Петя сделал отчаянное движение и вывернулся из рук его, но ноги его подогнулись сами собою; он упал на траву и закрыл лицо руками.
– Слышь, волчья снедь ты этакая, добром говорю: уймись лучше! – проговорил Верстан, стуча дубиной по стволу дерева, – вставай! – заключил он грозно, потряхивая своей огромной кудрявой головою.
– Дедушка! добрый дедушка! – воскликнул мальчик, крепко ударяя себя кулаком в грудь и бросаясь потом обнимать ноги будущего своего властителя, – дедушка, пусти меня, буду за тебя бога молить… век молить буду… отпусти к матери! Она всего тебе даст… отпусти только к матери!..
– Что ей с тобой делать? Вишь, она тебя сама отдала, – сказал нищий.
– Нет, нет, она не отдавала! – вскрикнул Петя, снова ударяя себя кулаком в грудь и горько всхлипывая, – она ничего этого не знает, дедушка. Взмилуйся, отпусти Христа ради…
– Ладно; потом поговорим; теперь недосуг; вставай!.. Да ну же, ну, вставай, говорят, вставай! – промолвил Верстан, приподымая мальчика на ноги и схватывая его за руку.
Видя, что нет уже никакой надежды умолить нищего, Петя стал защищаться; он неожиданно припал зубами к руке, которая его держала; но в ту же секунду нищий схватил его за волосы и, высвободив руку, нанес ему несколько ударов.
– Это так только тебе, для первого разу, – сказал Верстан, схватывая его опять за руку, – со мной расправа короткая: пикни только – не так отделаю! Я ти покажу, какой я такой дедушка! Нутка-сь, укуси-ка теперь, попробуй… Ах ты, волчья снедь ты этакая! Да ну, пошевеливай ногами-то, пошевеливай, полно валандаться!
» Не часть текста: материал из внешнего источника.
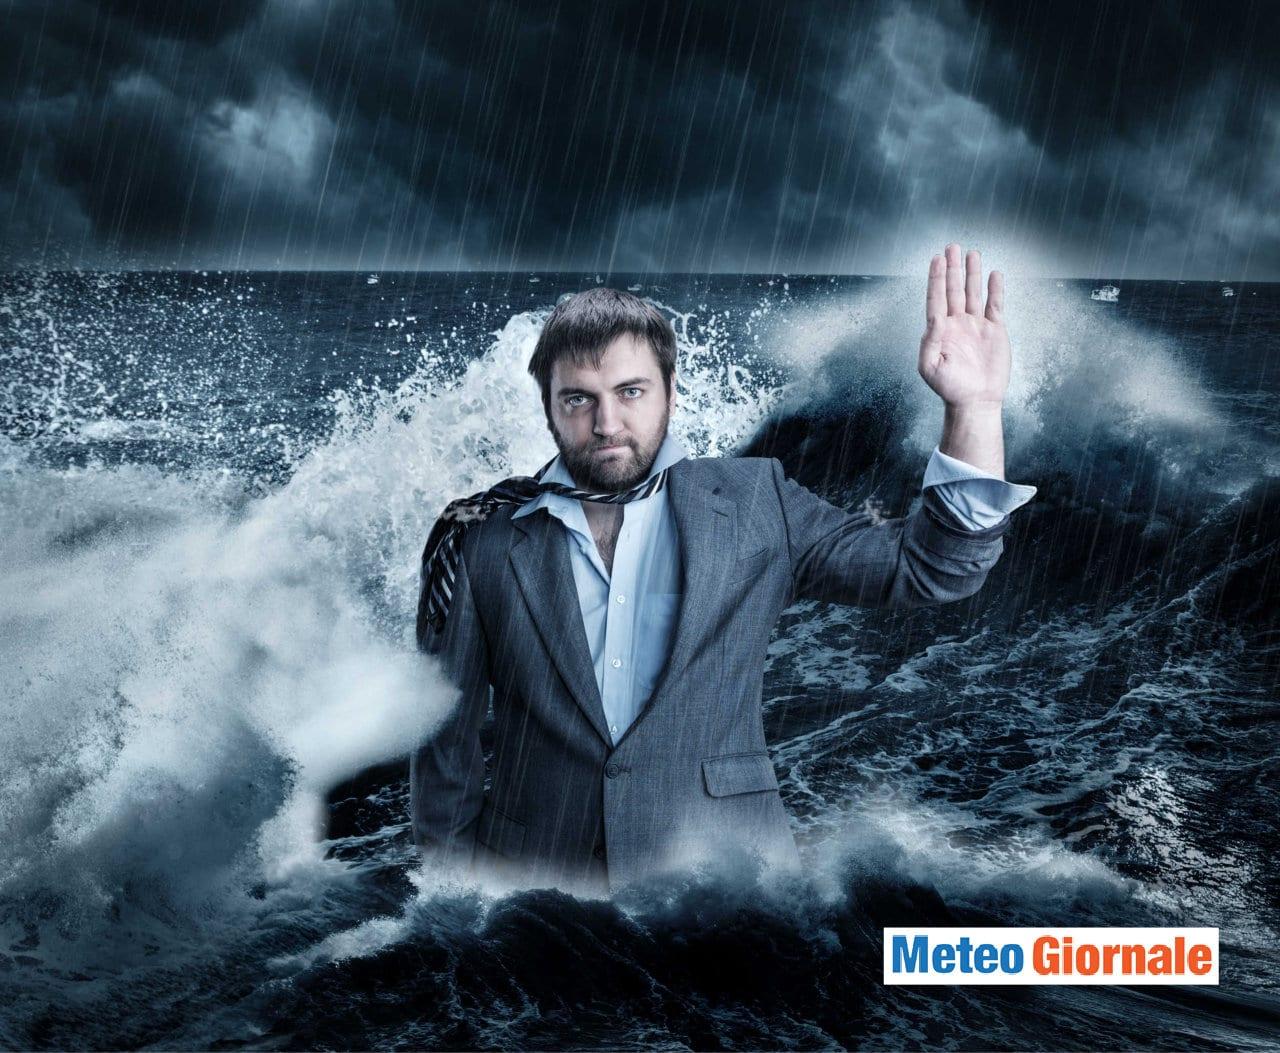 estremizzazione meteo - L'estremizzazione meteo climatica ci sta affondando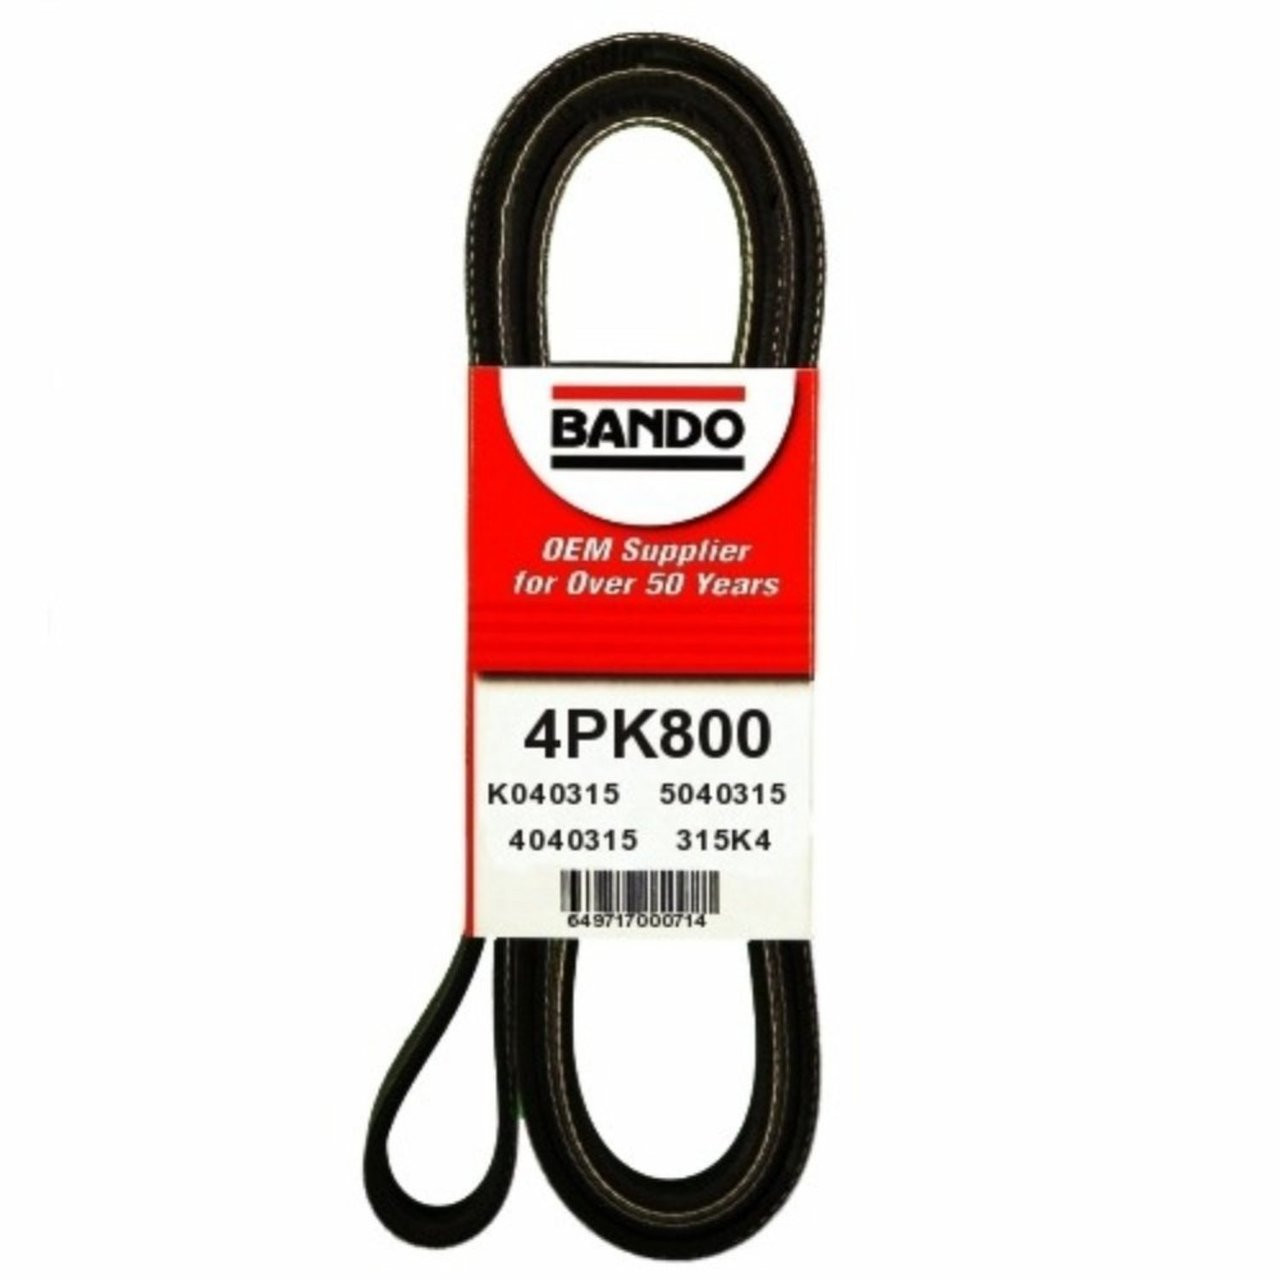 4pk800 oem equivalent serpentine belt for 1998 honda civic mechanidrive com [ 1280 x 1280 Pixel ]

Петя понял, что сопротивление напрасно; он перестал упираться ногами и пошел за нищим, заслоняя левою рукою лицо, в которое били ветки кустарников. Грудь его разрывалась на части от усилий подавить рыдания: он ничего не знал о том, куда его ведет нищий и для какой цели, – неизвестность наполняла страхом встревоженную душу мальчика. Каждый раз, как Верстан останавливался, чтоб сообразиться с дорогой, сердце Пети билось так сильно, что захватывало ему дыхание; ему тотчас же представлялось, что нищий хочет убить его и высматривает удобное место. Но Верстан продолжал путь; ужас ребенка рассеивался и снова уступал место отчаянью; он старался понять, что могло заставить отца и мать отдать его нищим? что он сделал такое? чем провинился? – и ничего не мог придумать. Настоящая цель и будущее его назначение не приходили ему в голову; а если и представлялась мысль жить с нищими, то она казалась ему хуже самой смерти. Вздрагивая всем телом и не переставая горько, но тихо плакать, Петя почти бежал за нищим, который ускорил шаги, как только выбрался из леса.
От леса до Чернева, куда направились они, было версты четыре, не больше; но Верстану хотелось, видно, сократить путь: он вскоре бросил проселок и пошел целиком, полями. Он не боялся сбиться с пути, хотя шел этими полями всего во второй раз; сорок лет бродячей жизни изощрили его зрение и сделали его наблюдательным; более или менее возвышающаяся линия местности над горизонтом, куст, чернеющий в стороне, межа – все это было замечено им, когда он шел в лес, и служило теперь верным маяком. Так достиг он большой черневской дороги; влево всего в ста саженях, начинались избы Чернева, окутанные какой-то мрачной, угрюмой темнотою. Было так тихо, что можно было думать, деревня необитаема. С этой стороны Верстану не предстояло опасности; он не пошел, однако ж, улицей, а пересек дорогу и продолжал путь, придерживаясь прямого направления.